Saturday, March 5, 2011

Bob Mould 2/8/91


I'm sure we all have a moment in our music listening lives where we can name the place, time and feeling when we first heard a certain song or band. Most often, it's that band we most feel attached to and have followed for a long time. For me it was Bob Mould and I first heard him in 1991.

When I was in school, I worked after class in a fruit shop in Caloundra. There was a girl who worked there called Jodie who was this crazy bogan punk chick. She had the nickname of OD after she overdosed at a party by taking a potent cocktail of drugs and needed to get her stomach pumped. Anyhow, back then, if you wanted to find out about underground music, you were pretty much reliant on the people you knew as Triple J had only just gone national. Jodie was a great source of information for me.

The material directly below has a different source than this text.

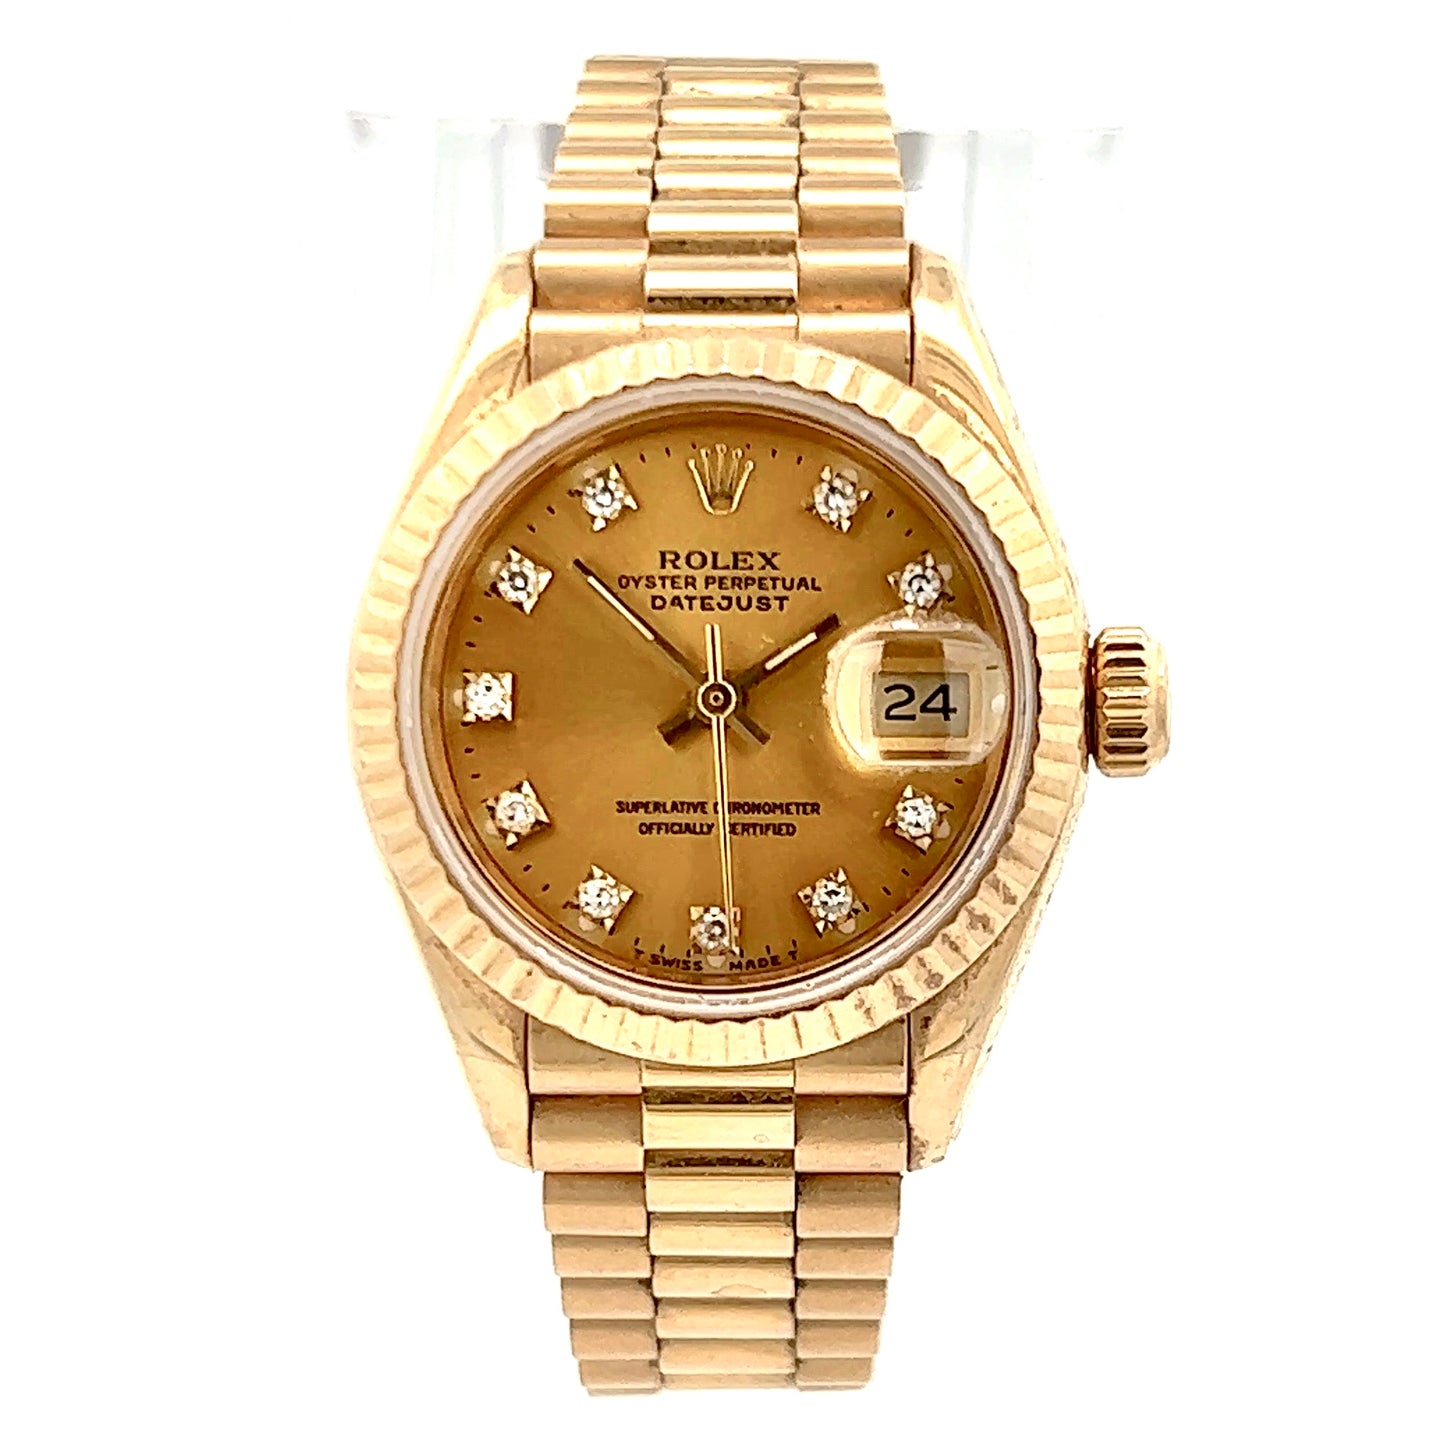 ROLEX OYSTER PERPETUAL DATEJUST Presidential 26mm 18K Yellow Gold FACTORY DIAMOND Watch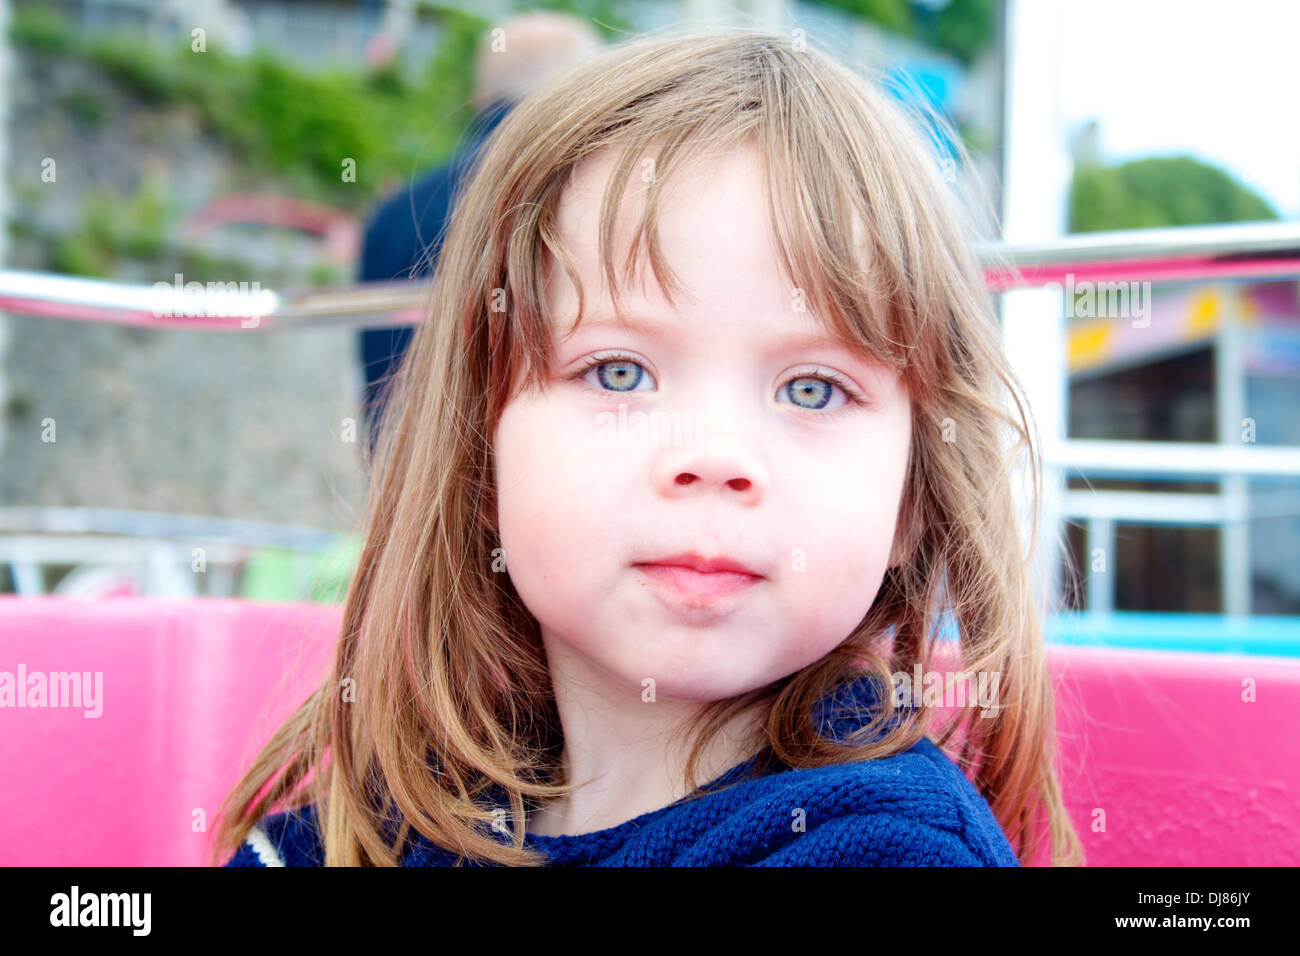 A young girl on a fairground ride Stock Photo

She used to tell me about going to see Rollins Band and about all these great sounding bands like Big Black and Hüsker Dü. To be honest, I could only imagine what they sounded like from her descriptions but it all sounded pretty exciting.

Anyhow, she went to see Bob Mould in Brisbane and was telling me about it. Just this old punk screaming while he played a twelve string guitar. It sounded great and a little while later a short set was played on Live at the Wireless recorded at the Peince of Wales in Melbourne. I dutifully waited until 8pm on the night, blank tape at the ready in my crappy stereo to record it. At that point I wasn't even really sure what it would sound like but Jodie had made it sound like the most wondrous music I'd ever hear. To my surprise, she was right.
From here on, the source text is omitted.